When I first started smoking Cheese I read that you had to wait 3 weeks til you were able to enjoy its goodness

now im reading you only have to wait 2 weeks. I also know that the longer you are able to wait the better it gets

What do yall think.

FlIP


----------



## meateater (Jul 8, 2011)

I wait a minimum of two weeks on my cheese. There are members that smoke fresh cheese's and eat right away. I have some cheese that has been vacuum sealed for well over a year in the veggie drawer and is perfect when I get the hankering.


----------



## SmokinAl (Jul 8, 2011)

The longer it sits the better it gets. I have some that's about 8 months old in vac packs & each time I open one up I think it's better than the last one.


----------



## jjwdiver (Jul 8, 2011)

Depends on your will power!  The longer the better, but it's also good right out of the smoker.  There are no cheese police that will come to your door...only friends once they try it.


----------



## alelover (Jul 8, 2011)

I ate some Seriously sharp cheddar last nite that was vac sealed for 2 months.

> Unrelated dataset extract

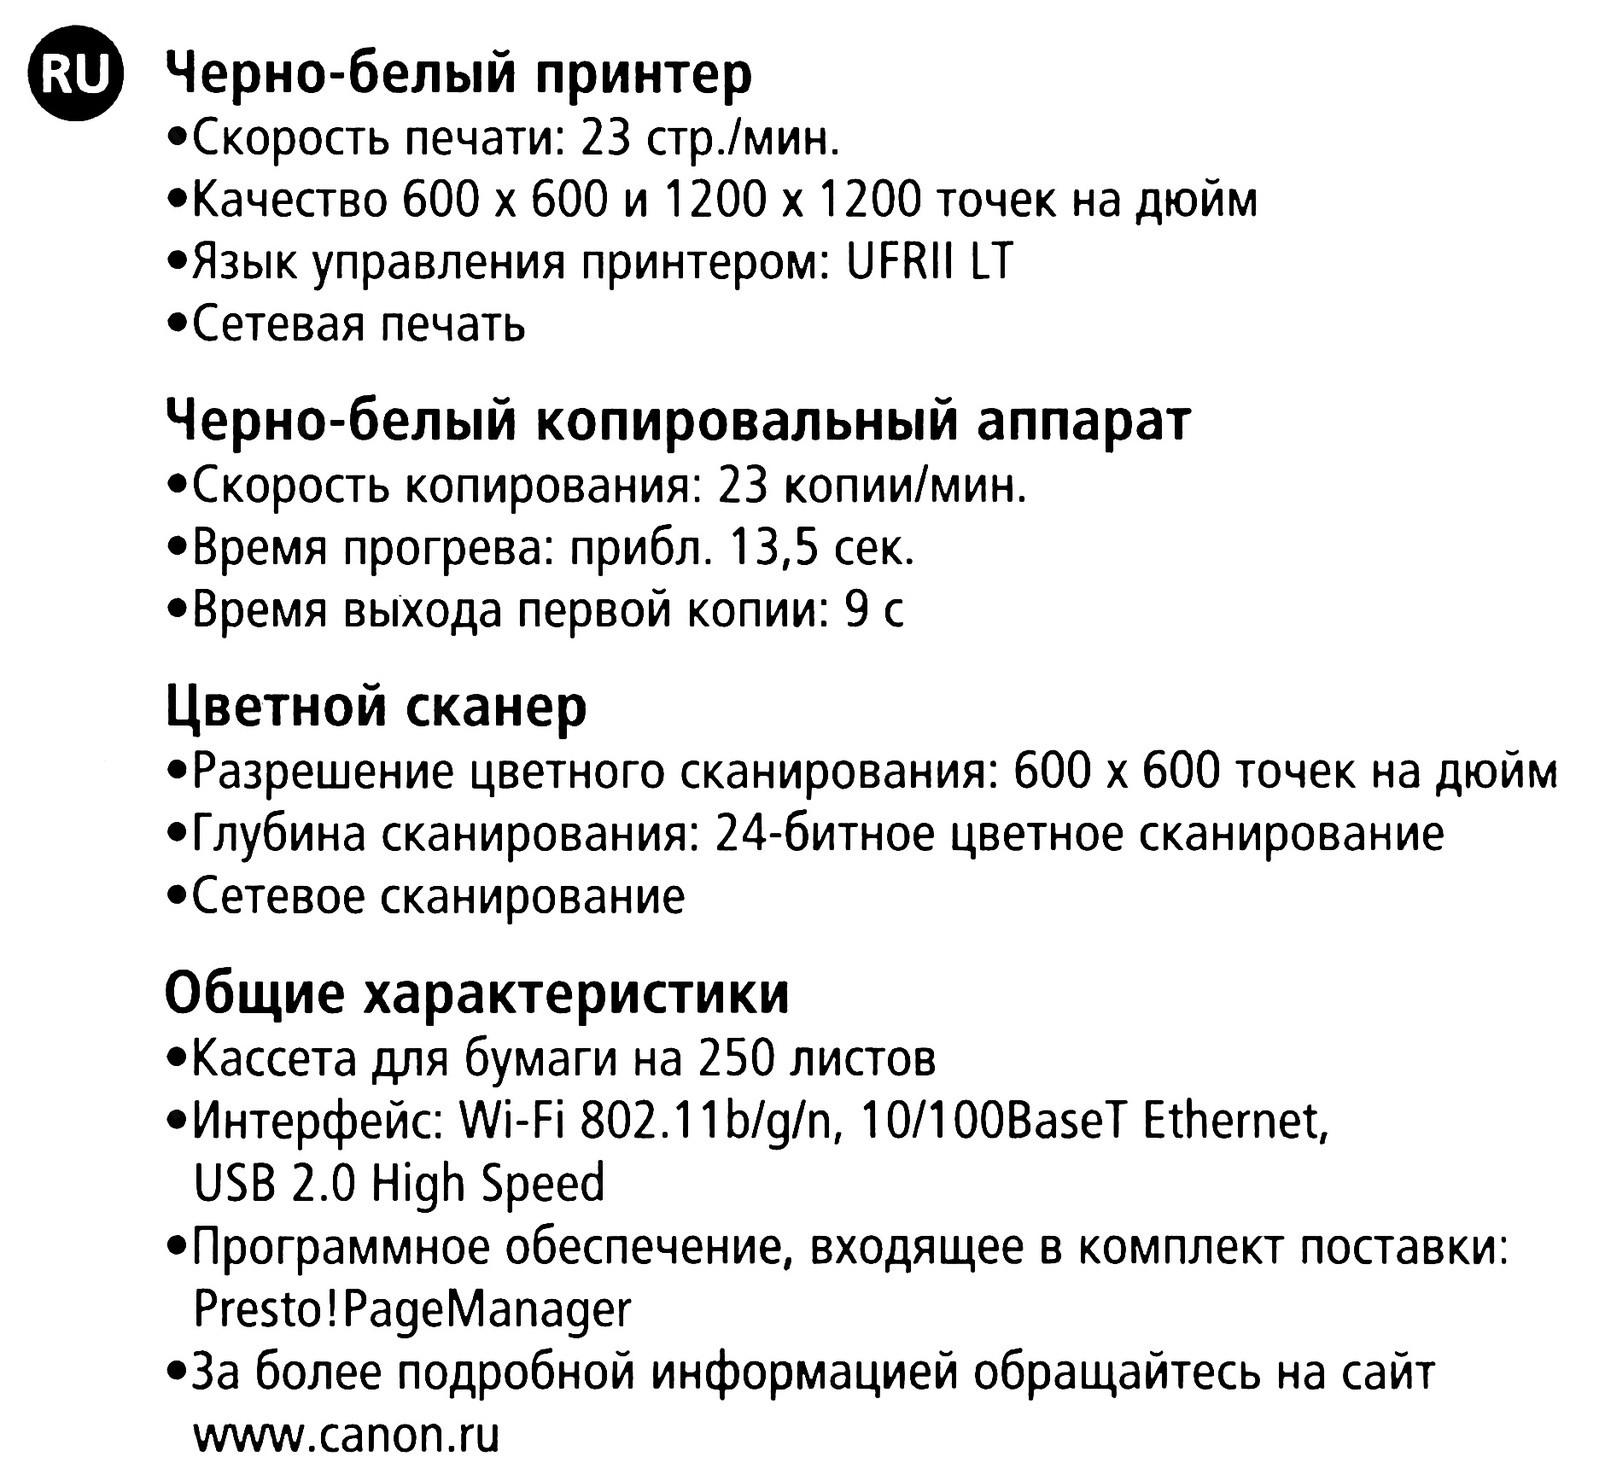 Скорость Недорого Подольск Лирика  bot telegram Йошкар-Ола

It was outstanding.


----------



## venture (Jul 8, 2011)

Vac sealed cheese will last a long time and even be better for it.  I have found that the softer cheese can be eaten sooner than the hard ones.

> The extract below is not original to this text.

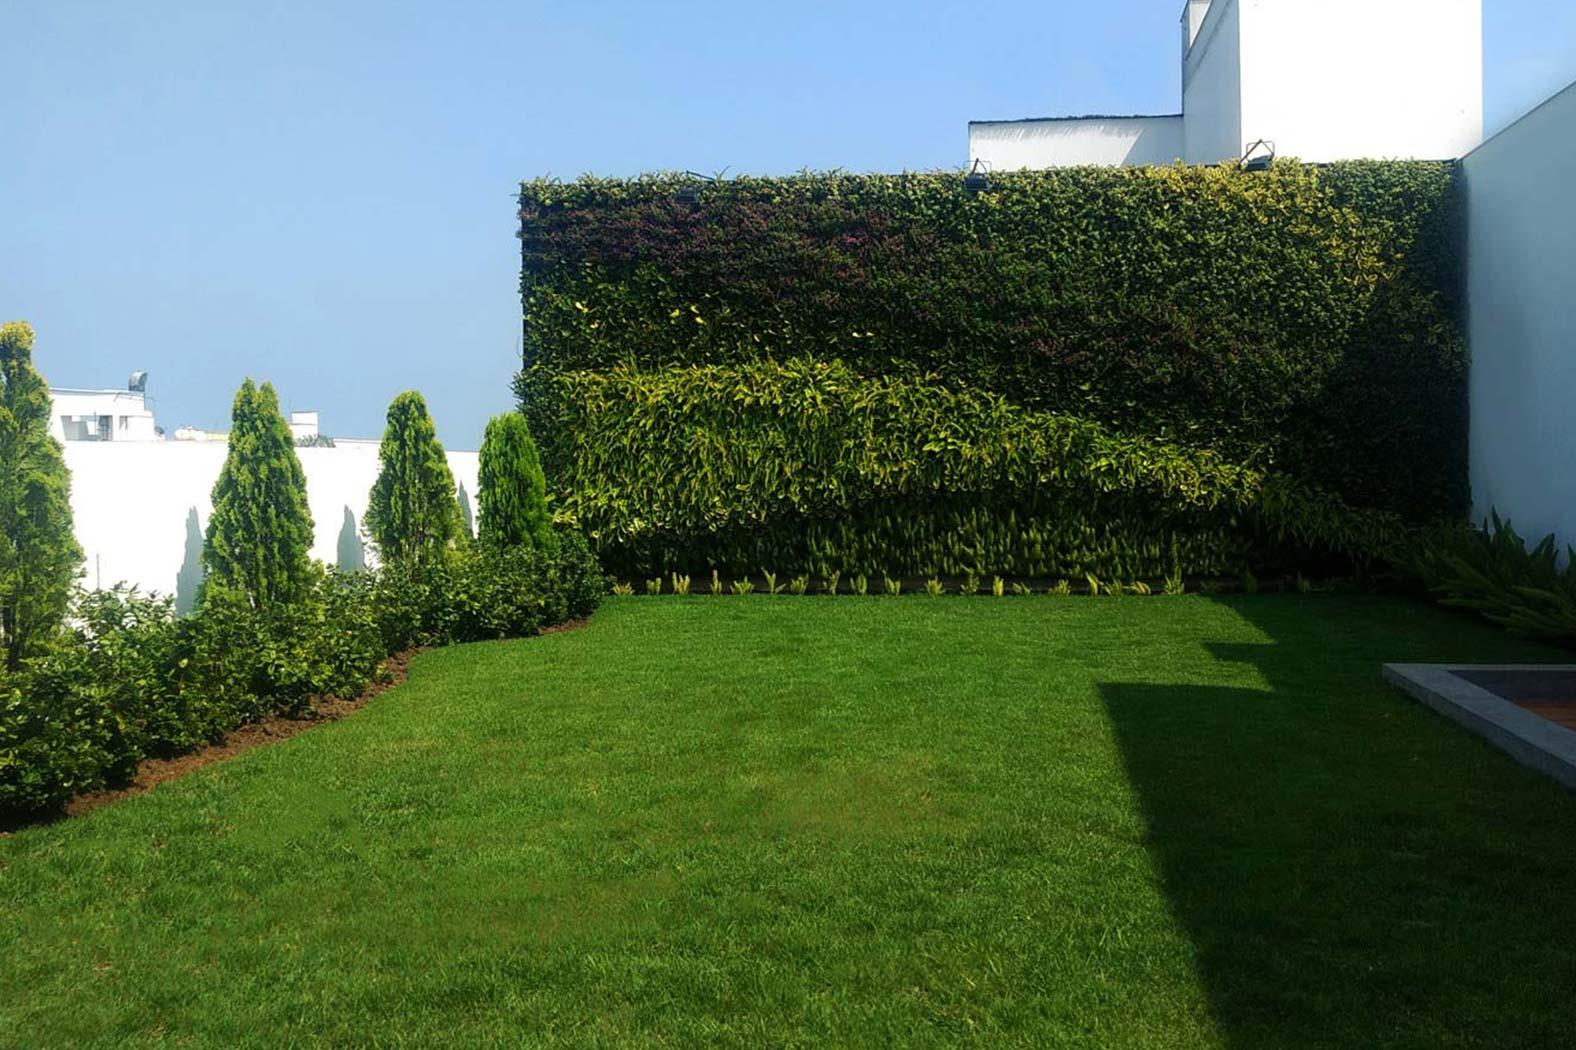 Proyectos jard n vertical jardines verticales for Jardines verdes

What the hey?  Try it all and let us know your opinion?

Good luck and good smoking.


----------



## magnum3672 (Jul 13, 2011)

I just did my first cheese smoke and tried my cheddar and pepper jack right after smoking and cool down.  It was like eating a piece of smoke (not terrible but not what I wanted) now at about a week and a half the remaining cheddar block is like eating a very nice piece of cheddar cheese while inhaling smoke (you can taste the smoke but its not like on bbq its seriously like you're just smelling it) its so hard to explain what i'm talking about but its a VERY nice piece of cheese.

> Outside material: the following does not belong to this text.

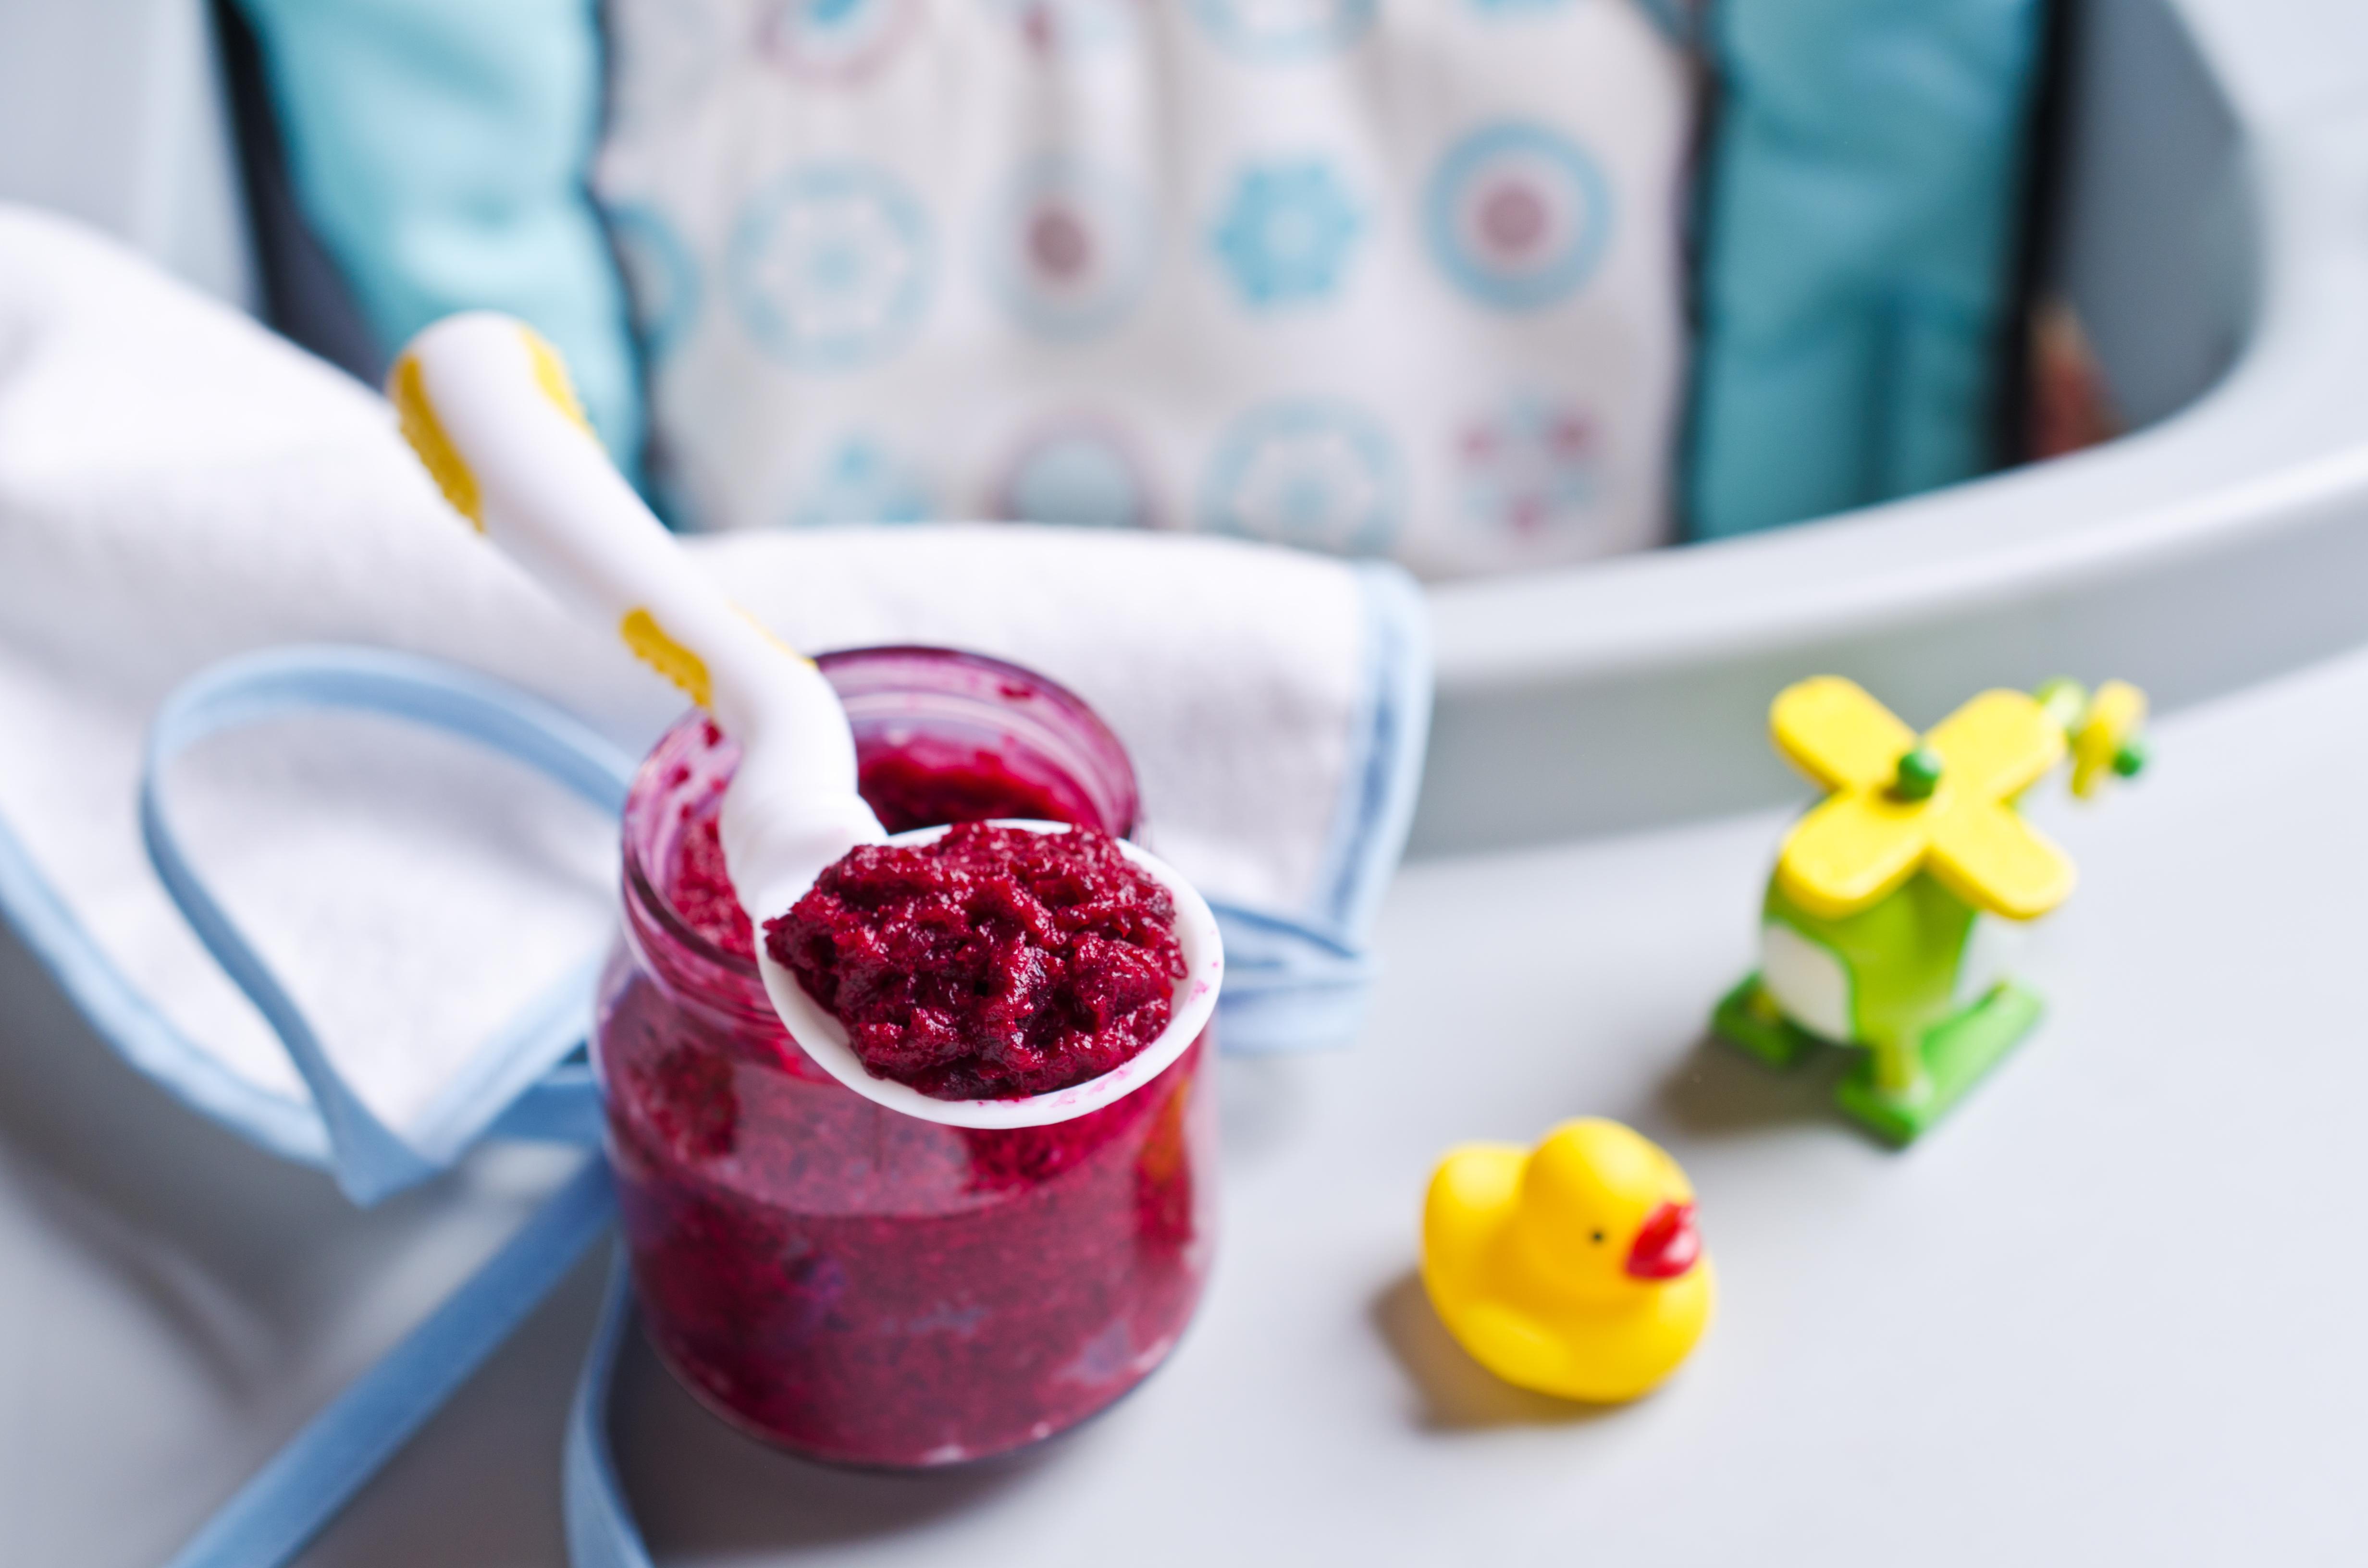 Des aliments pour bébés sont trop sucrés, affirme l'OMS

And now I'm going to eat a smoked cheddar and salami sandwich for lunch, I HOPE YOU'RE HAPPY!


----------



## africanmeat (Jul 13, 2011)

It is like good wine . older it get better it get


----------



## jeff 1 (Jul 13, 2011)

I'll start eatng on the swiss after 2 weeks,  the rest of it sits for at least 3-4 weeks.  From what I can tell is you can taste a big difference between 2 and 3 weeks but only slight difference each week after 3-4 weeks. I put a lot of smoke on mine also,  like a full 6x6 and the cheese has a lot of nice color


----------



## shtrdave (Jul 21, 2011)

I have smoked cheese in the past and left it wrapped in the fridge for a couple of 3 days and it was great.

I have sealed some up and had it a few weeks later and the flavor was a little mellower but that was about all I noticed.

Have done colby, mozzarella provolone, swiss, horseradish, and brick.


----------



## jjwdiver (Jul 21, 2011)

I do like it after it sits longer, but sometimes it just begs to be eaten right away.  Some of my "ooops" moments have turned out some good cheeses.  The Sun helped me melt up some cheddar with Monteray Jack - goooo'd  (past tense of the word goo) together in a ziplock bag, cooled than trimmed made for a tastey and unique looking chunk of cheese.


----------



## smokeamotive (Jul 22, 2011)

My limited experience with smoking cheese has shown me that the longer it sits the better it gets. Pulled out some smoked cheese to take to the lake for the fourth of July. I smoked it back in Feb. and paired it up with some SS I made.My friends were Very impressed with the flavor and are already asking me for more. Guess I have some work to do.LOL


----------